[Tutor] REPL format

Steven D'Aprano steve at pearwood.info
Sun Apr 26 10:38:39 CEST 2015


On Sat, Apr 25, 2015 at 05:38:58PM -0700, Danny Yoo wrote:
> On Sat, Apr 25, 2015 at 4:38 PM, Jim Mooney <cybervigilante at gmail.com> wrote:
> > I'm curious why, when I read and decode a binary file from the net in one
> > fell swoop, the REPL prints it between parentheses, line by line but with
> > no commas, like a defective tuple.
> 
> 
> The REPL is trying to be nice here.  What you're seeing is a
> representation that's using a little-known Python syntactic feature:
> string literals can be spread across lines.  See:
> 
>     https://docs.python.org/2/reference/lexical_analysis.html#string-literal-concatenation
> 
> At the program's parse time, the Python compiler will join adjacent
> string literals automatically.

It's not specifically across lines. Any two adjacent string literals 
will be concatenated, even if they have different string delimiters:

    '"You can' "'t do that!" '" he said.'

is arguable somewhat nicer than either of these alternatives:

    '"You can\'t do that!" he said.'
    "\"You can't do that!\" he said."


(Well, to be completely honest, I don't that *any* of the solutions to 
the problem of using both sorts of quotation marks in the same string is 
nice, but its good to have options.)

Where automatic concatenation of string literals really comes into 
its own is when you have a long template string or error message, for 
example, which won't fit on a single line:

    message = "Doh, a deer, a female deer; Ray, a drop of golden sun; 
Me, a name I call myself; Far, a long long way to run; So, a needle 
pulling thread; La, a note to follow So; Tea, a drink with jam and 
bread."


We could use a triple quoted string:

    message = """Doh, a deer, a female deer;
                 Ray, a drop of golden sun;
                 Me, a name I call myself;
                 Far, a long long way to run;
                 So, a needle pulling thread;
                 La, a note to follow So;
                 Tea, a drink with jam and bread."""

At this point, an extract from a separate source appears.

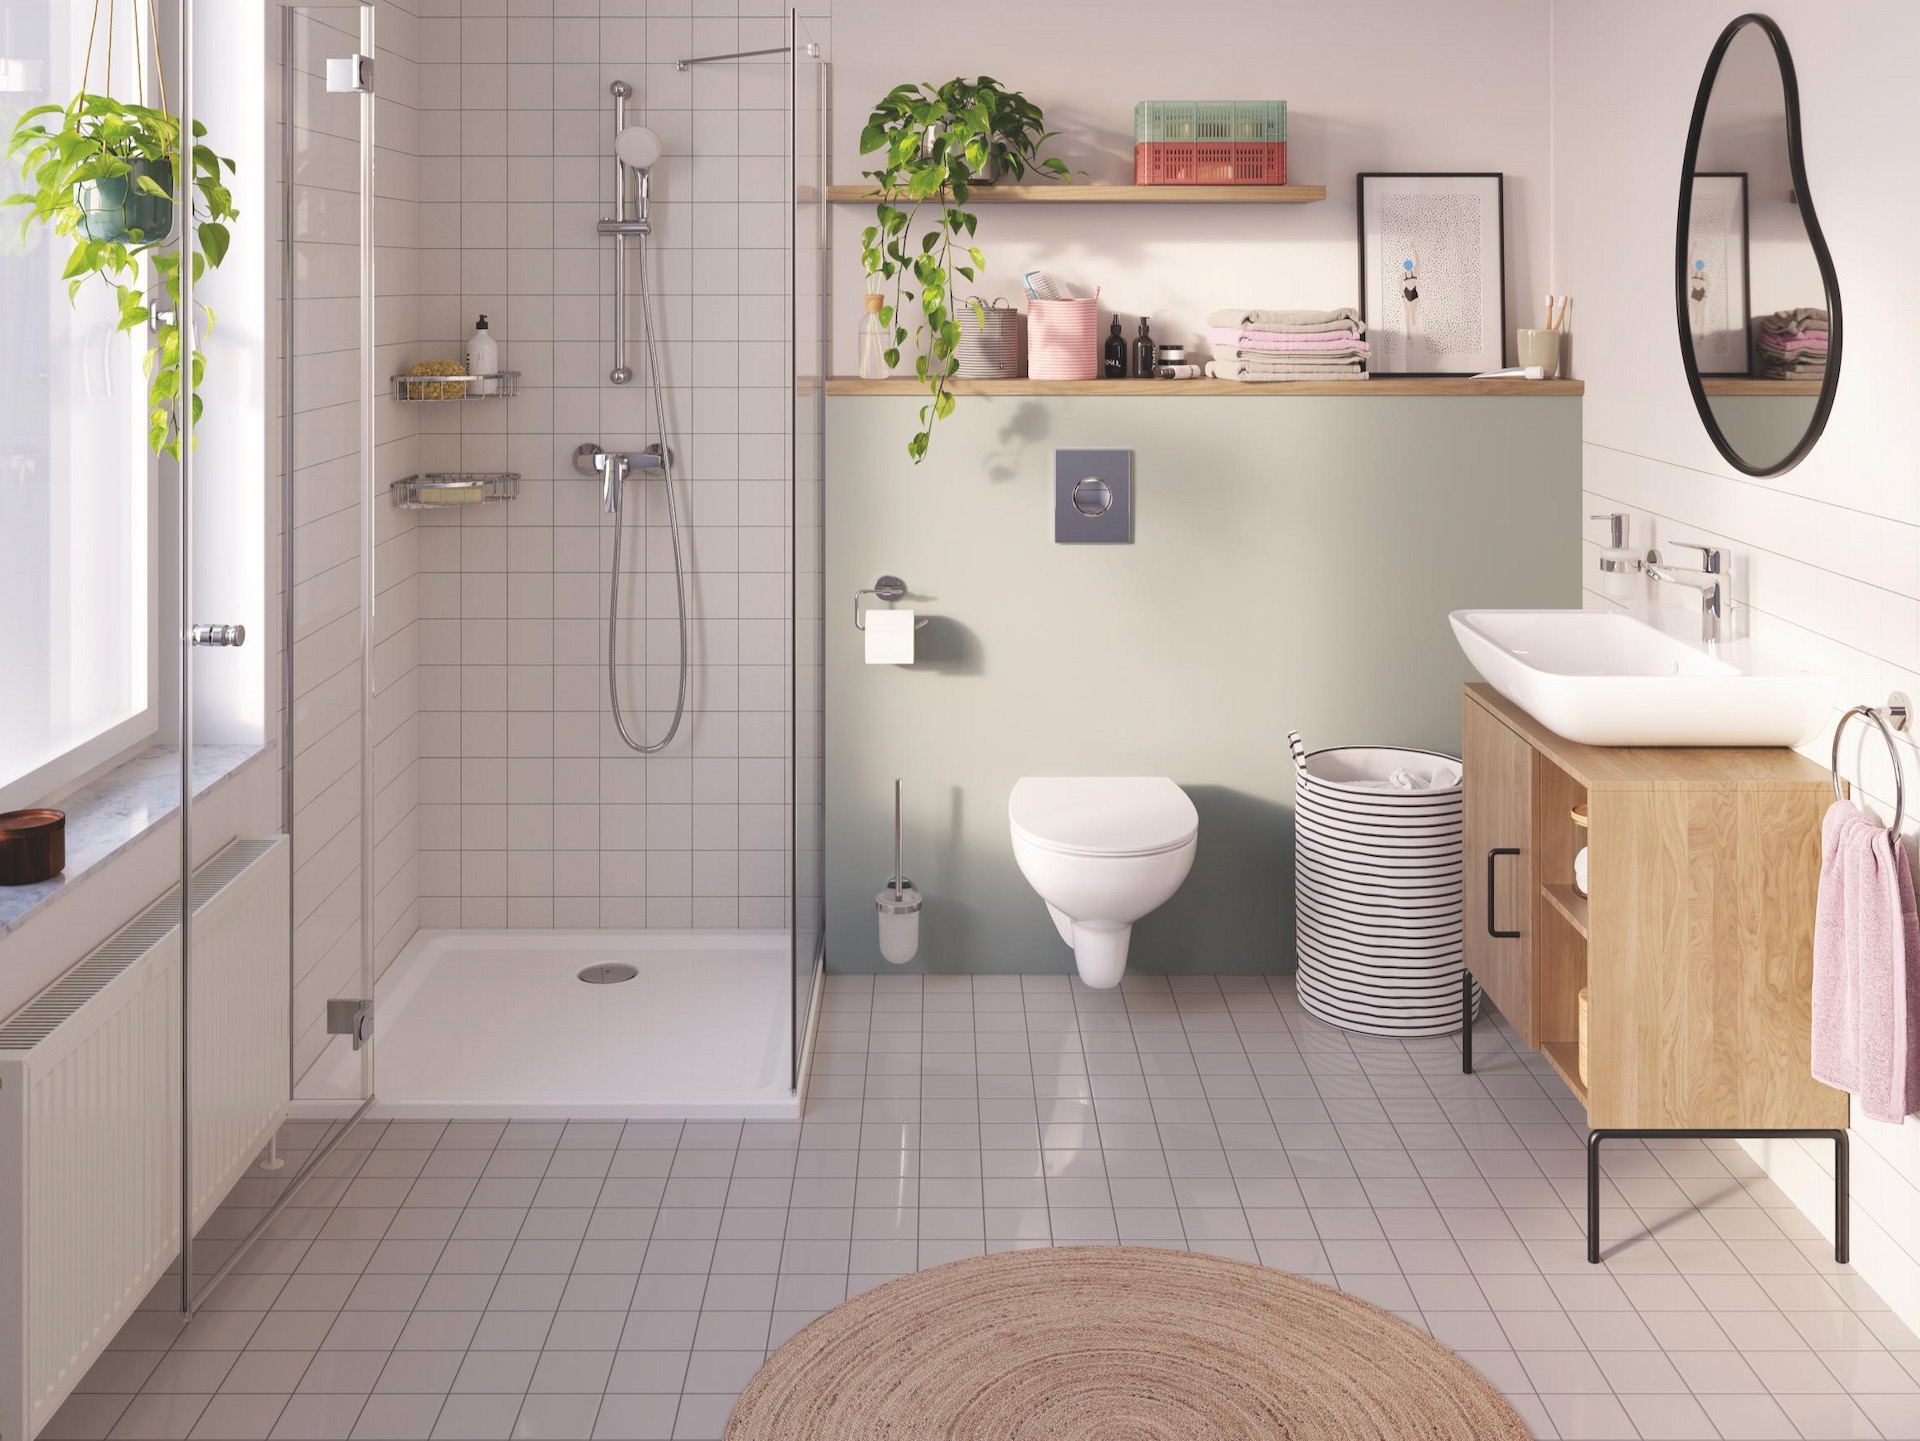 Bathroom with corner shower, tiled floor and rug
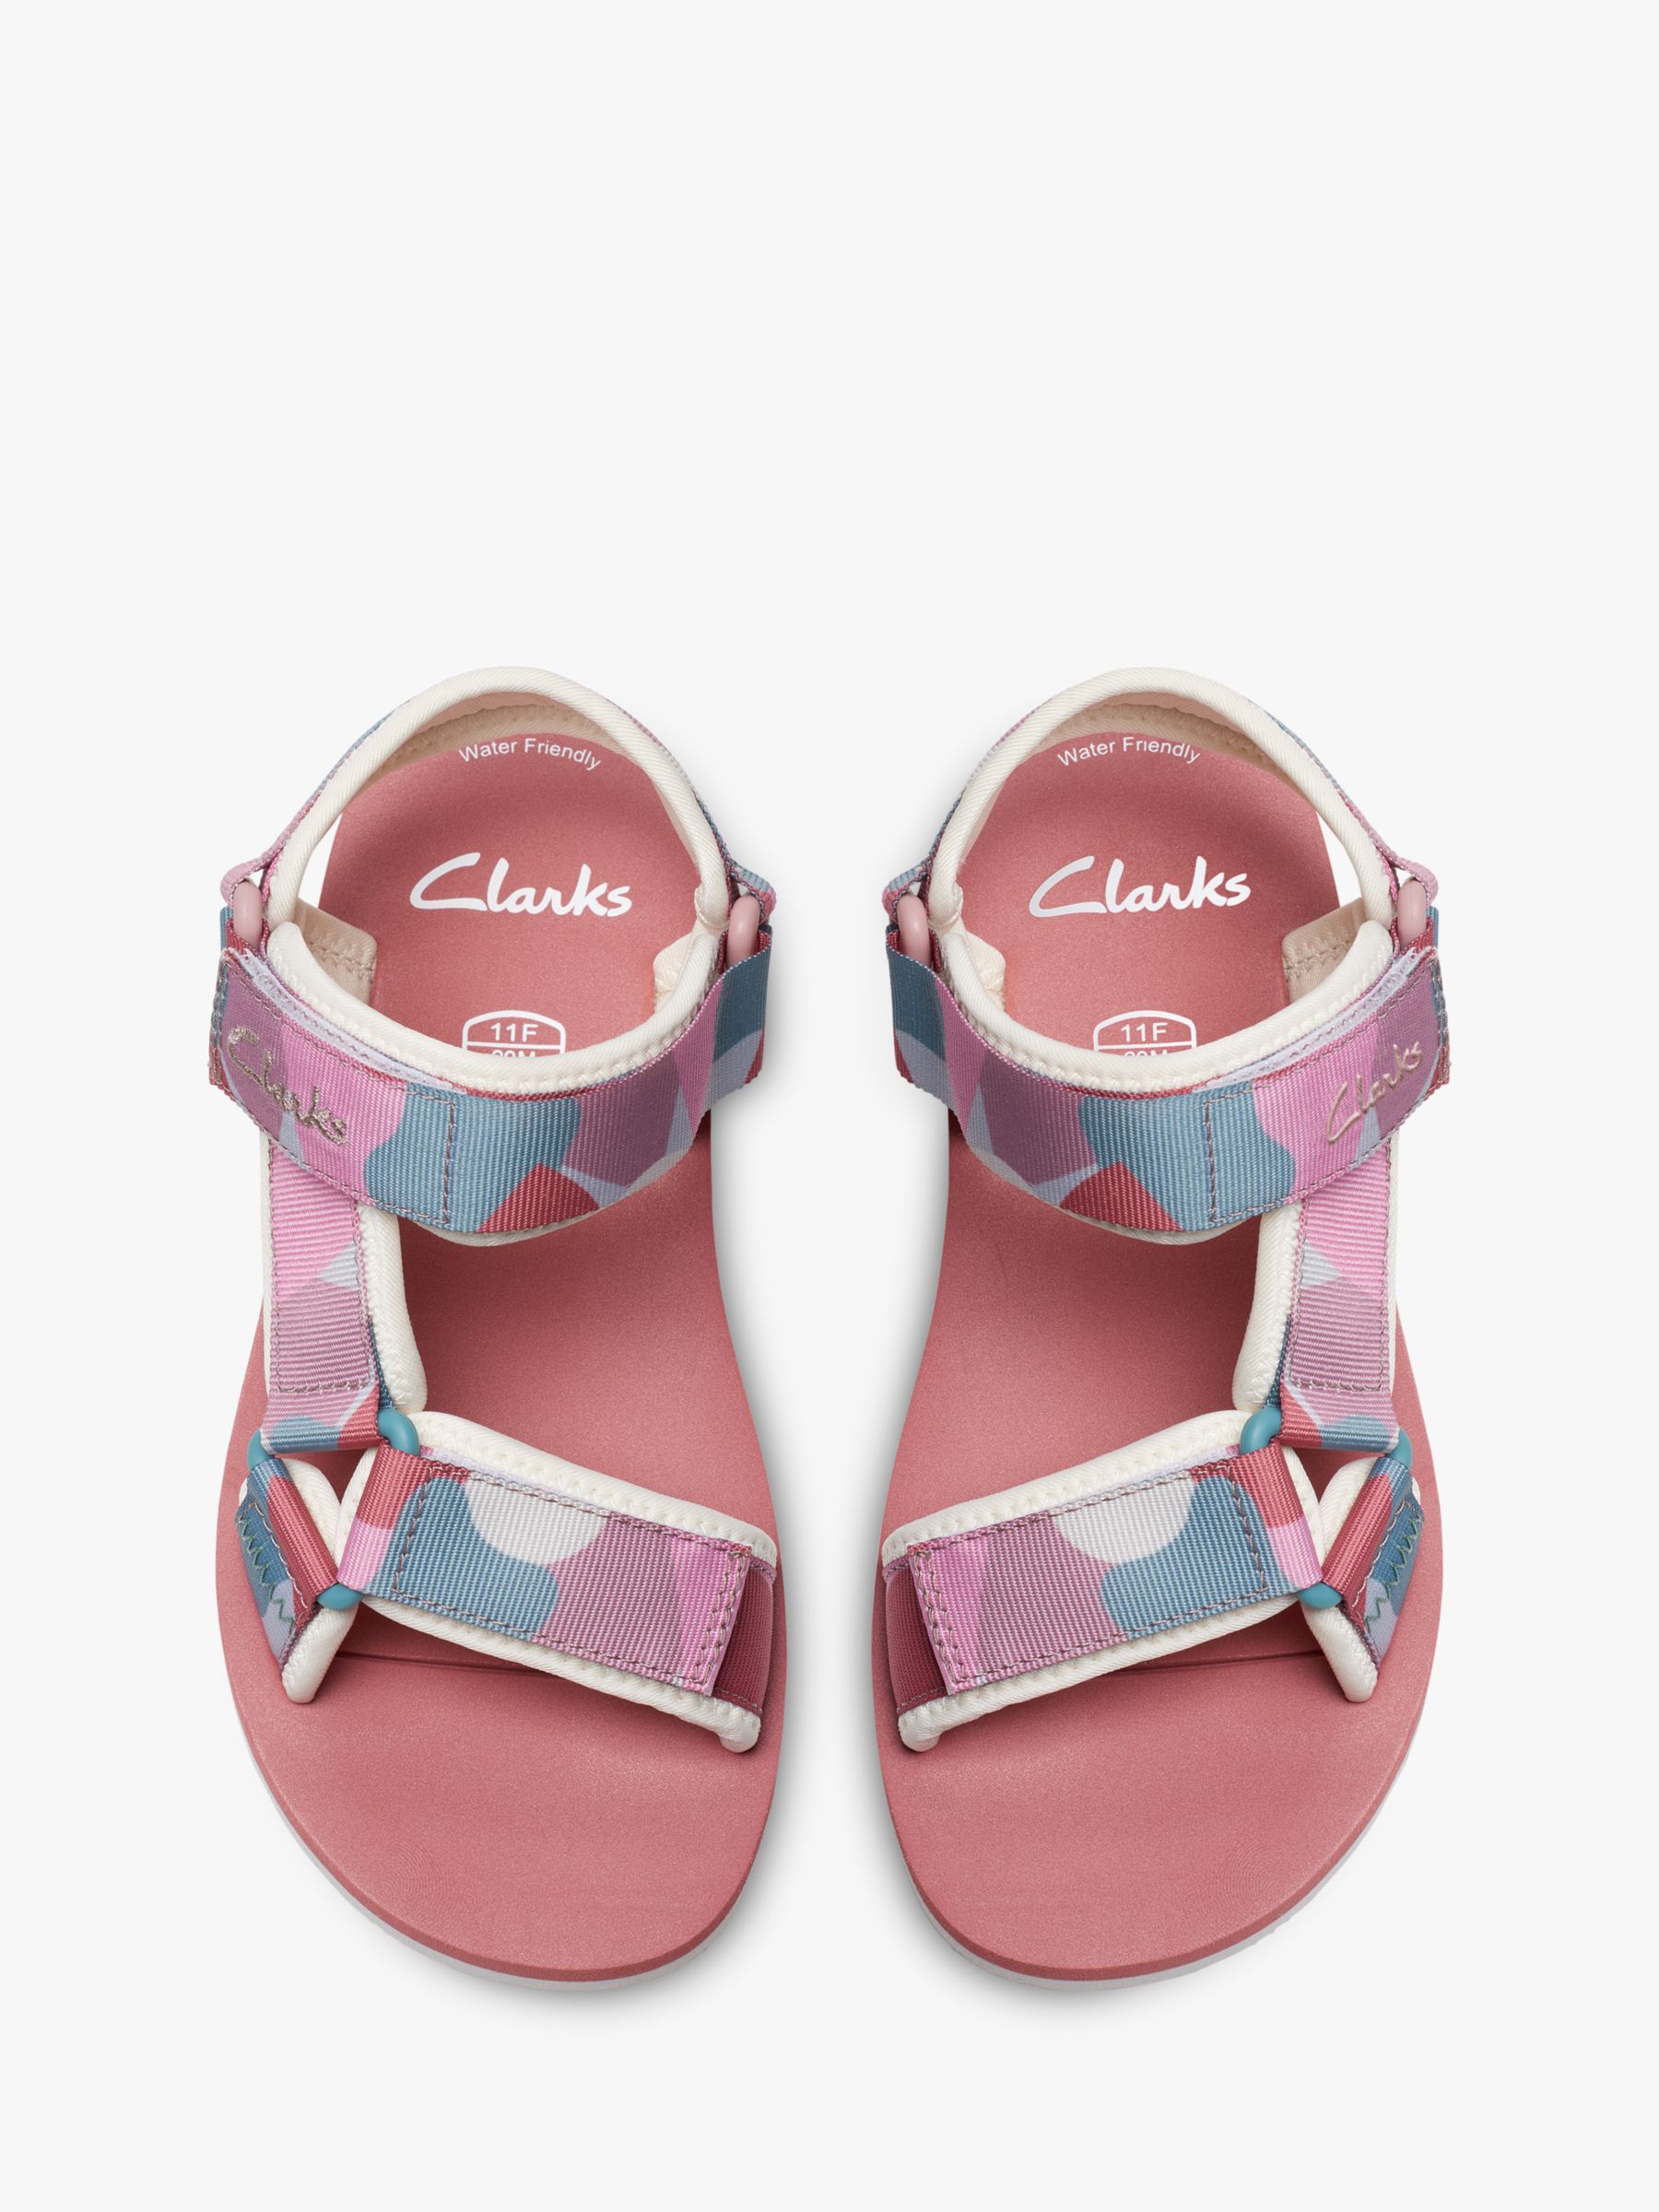 Clarks Kids' Peak Web Water Resistant Sandals, Pink/Multi, 12.5F Jnr

But that not only includes line breaks, but the second line onwards is 
indented. We can break it up into substrings, and using a surrounding 
pair of round brackets to continue the expression over multiple lines, 
we can then use explicit concatenation:

    message = ("Doh, a deer, a female deer;" +
               " Ray, a drop of golden sun;" + 
               " Me, a name I call myself;" +
               " Far, a long long way to run;" +
               " So, a needle pulling thread;" +
               " La, a note to follow So;" +
               " Tea, a drink with jam and bread."
               )

but that has the disadvantage that the concatenation may be performed at 
runtime. (In fact, recent versions of CPython will do that at compile 
time, but it is not guaranteed by the language. Past versions did not; 
future versions may not, and other implementations like PyPy, 
IronPython, Jython and others may not either.)

To my mind, the least unpleasant version is this one, using implicit 
concatenation:

    message = (
        "Doh, a deer, a female deer; Ray, a drop of golden sun;"
        " Me, a name I call myself; Far, a long long way to run;"
        " So, a needle pulling thread; La, a note to follow So;"
        " Tea, a drink with jam and bread."
        )


> It's a cute-but-nasty trick that some other languages do, such as C++.
> 
> 
> I would strongly discourage not using it yourself in your own
> programs: it's the source of a very common mistake.  Here's an
> example:

I agree that this is a feature which can be abused and misused, but I 
disagree with Danny about avoiding it. I think that it works very well 
in the above example.

 
> So that's why I don't like this feature: makes it really hard to catch
> mistakes when one is passing string literals as arguments and forgets
> the comma.  Especially nasty when the function being called uses
> optional arguments.

I acknowledge that this scenario can and does happen in real life, but I 
don't think it is common. It only occurs when you have two consecutive 
arguments which are both string literals, and you forget the comma 
between them. How often does that happen? It cannot occur if one or more 
of the arguments are variables:

    greeting = "Hello "
    function(greeting "world!")  # Syntax error.